Here is my prompted for GPT 4: (You are, of course, welcome to grab it and play the game with your Chatbot.)

"I will give you a word. Make a sentence or phrase with a series of words whose first letters sequentially spell out my word. Your sentence doesn't have to have a strong semantic connection with the word I give you.

Now make a sentence for /WORD/. Your response should only contain the sentence you make. "


In response to my prompt, the model created acrostics in the form of sentences to each of the words provided. Thousands of word-sentence pairs compose this project. Including “Lecsicon: Linguists Enthusiastically Catalog Symbols, Interpreting Carefully Occurred Nuances.”


Lecsicon as a video installation for exhibition “Do You Have the Key?”
at Rhode Island School of Design in May 2023.


Lecsicon as a printed book.


Behind the Scenes


The accuracy of GPT's responses, as usual, was not guaranteed. At times, one or two extra words slipped into the sentence. In extreme cases, the model rambled on and lost track of the initial instructions. Out of tens of thousands of attempts, with GPT 3.5, 30% of the responses strictly followed my rules; and with GPT 4, 60% of them.

The following is a selection of both successful and unsuccessful acrostics generated by GPT throughout the multiple iterations of the projects.

Unsuccessful examples include:
  • insomnia: I need some pills to sleep over insomnia.
  • jumbo: Josh usually needs bigger overalls.
  • white: We have icy hills to explore.

Successful examples include:
  • activity: All children thrive in varied, invigorating tasks year-round.
  • music: Many unexpected sounds indicate creativity.
  • gender: Generations endlessly nurture diverse, equal respect.

When one visits the Lecsicon web page, the successful word-sentence pairs are typed out letter-by-letter by a program. Beginning with a random word, the program scans the Lecsicon database, and strives to find a new word that has the smallest Levenshtein distance from the preceding word. For the printed book, the entries are sorted and rendered with python in a dictionary format.

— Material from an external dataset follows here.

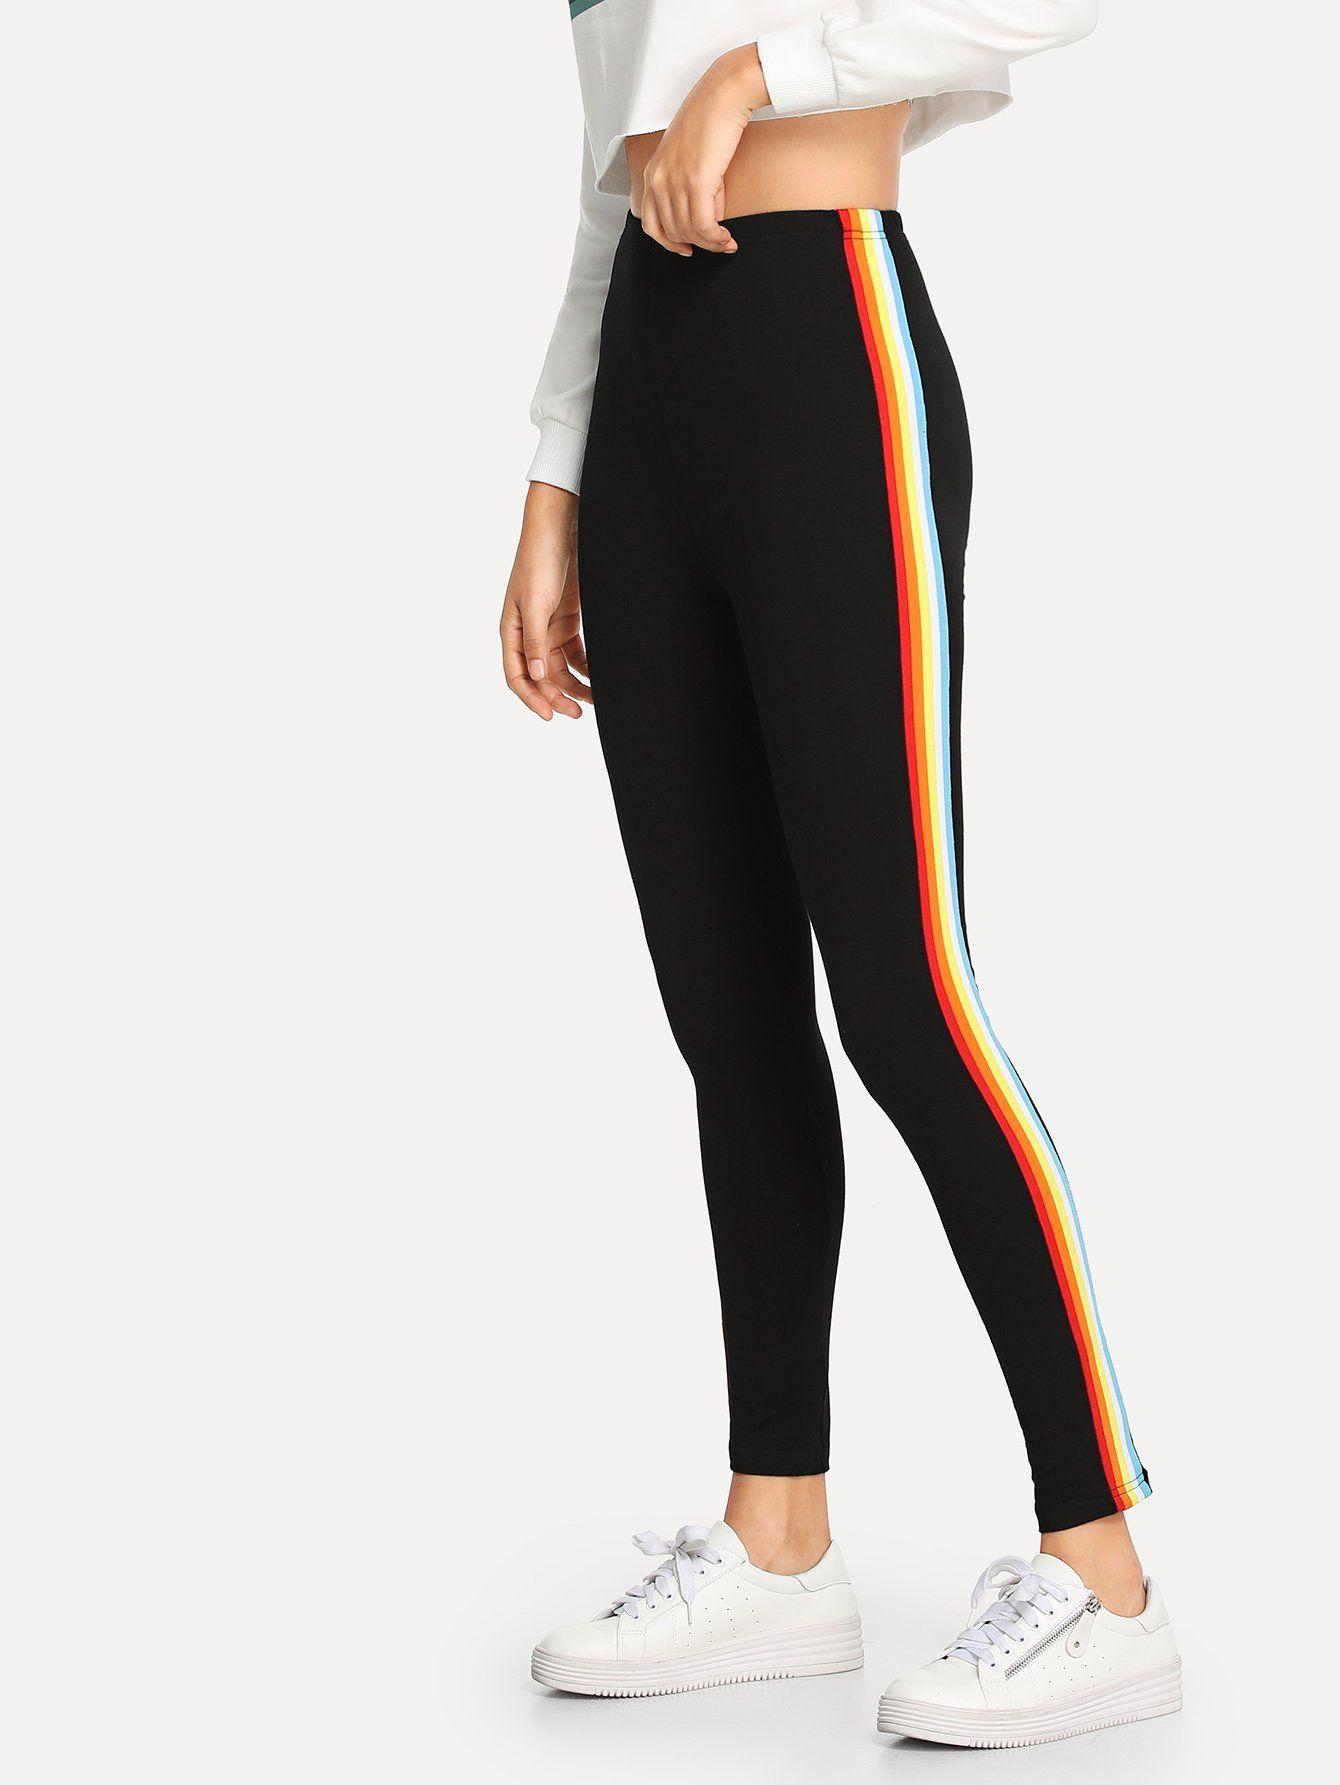 3ff1eee25edc8 Striped Side Skinny LeggingsFor Women-romwe   christmas list in 2019 ...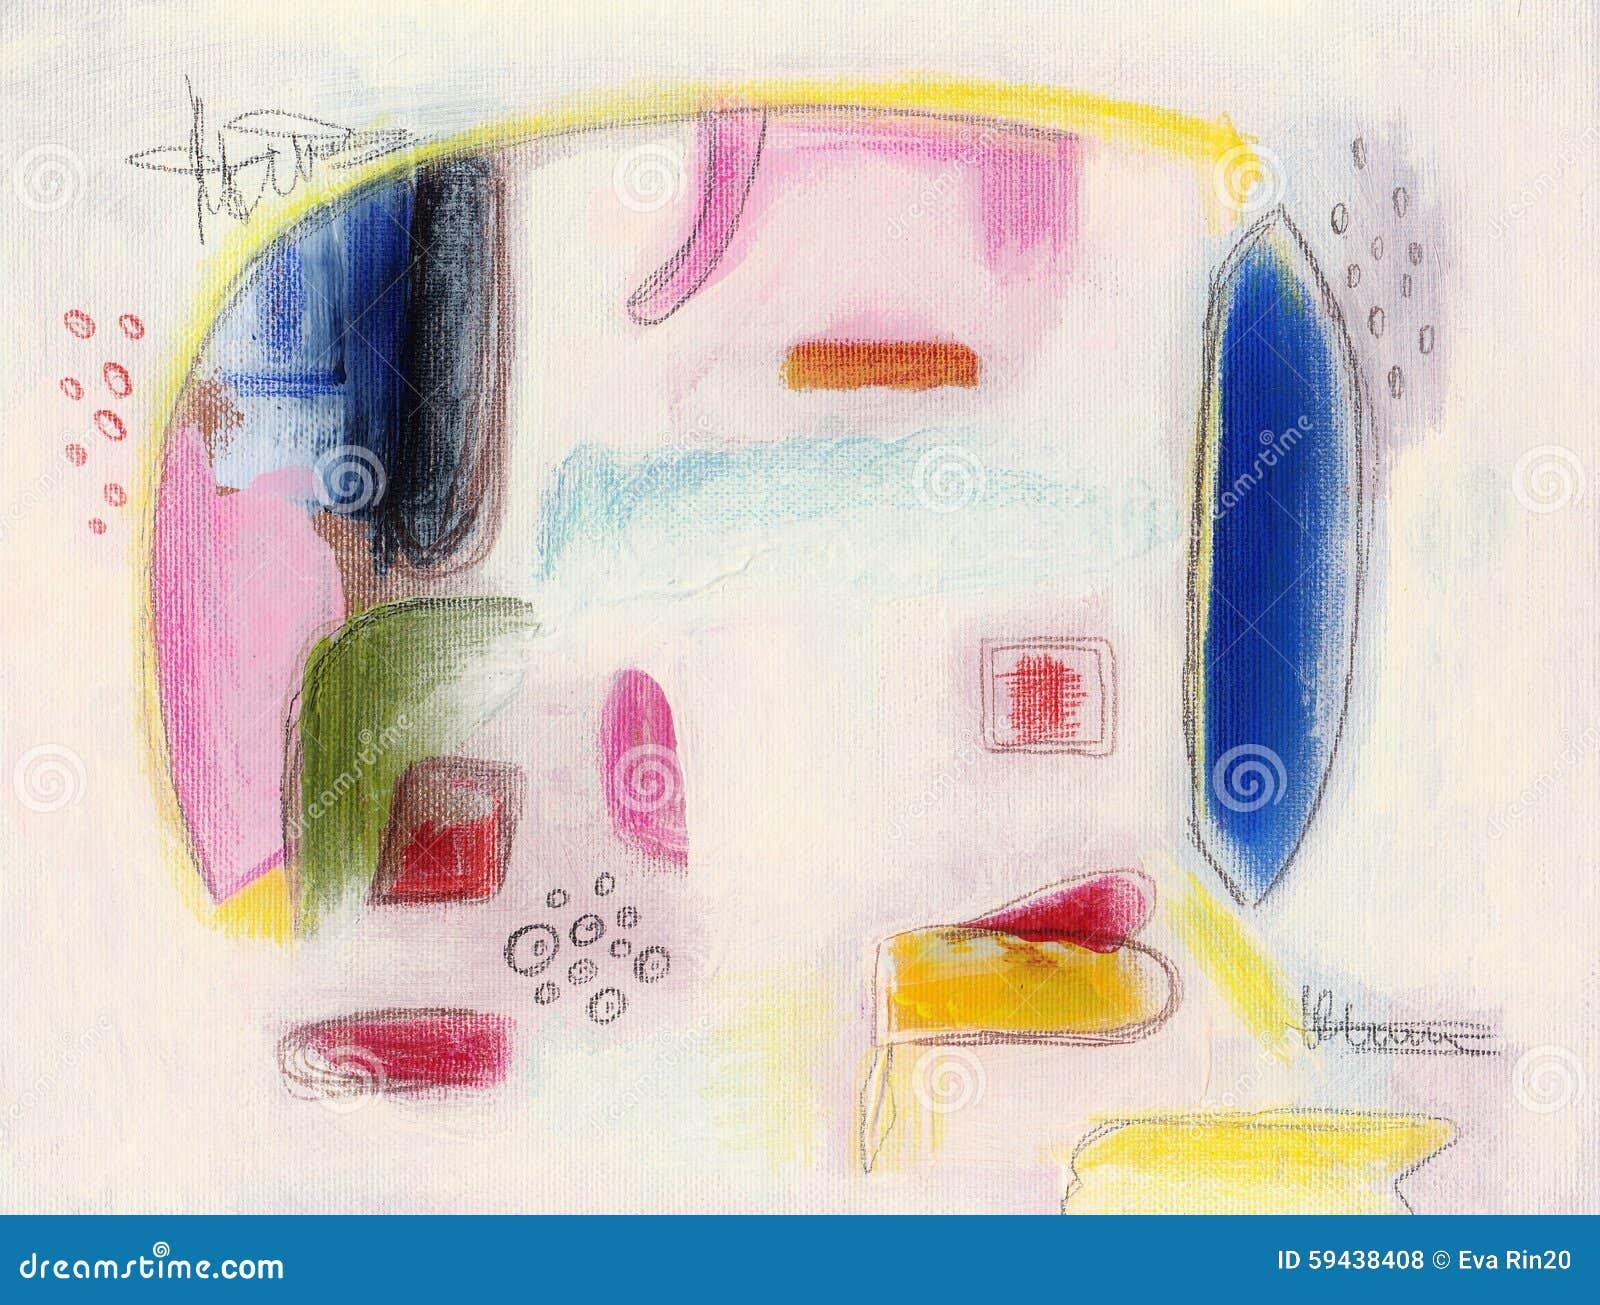 Obraz abstrakcyjne

Linguistic devices like acrostics captivate people like me because there is a hidden layer behind putting words together following certain mechanisms. In Lecsicon, the resulting sentences provide a greater context for the original words and reveal new perspectives. But I believe it is not a coincidence that GPT makes sentences that relate to the original word's meaning. Instead, it is a deliberate calculation and balancing process to capture words based on their relations to each other: a ghost wandering through a latent word vector space. Any word in such a space is nothing but the linguistic associations around it, based on statistical computation of the patterns of the text humans have produced. Sentences emerge from their context, and perhaps that's why some entries are intriguing and exciting, such as “snob: Surely, no one believes”, or “date: Dinner and theater experience.”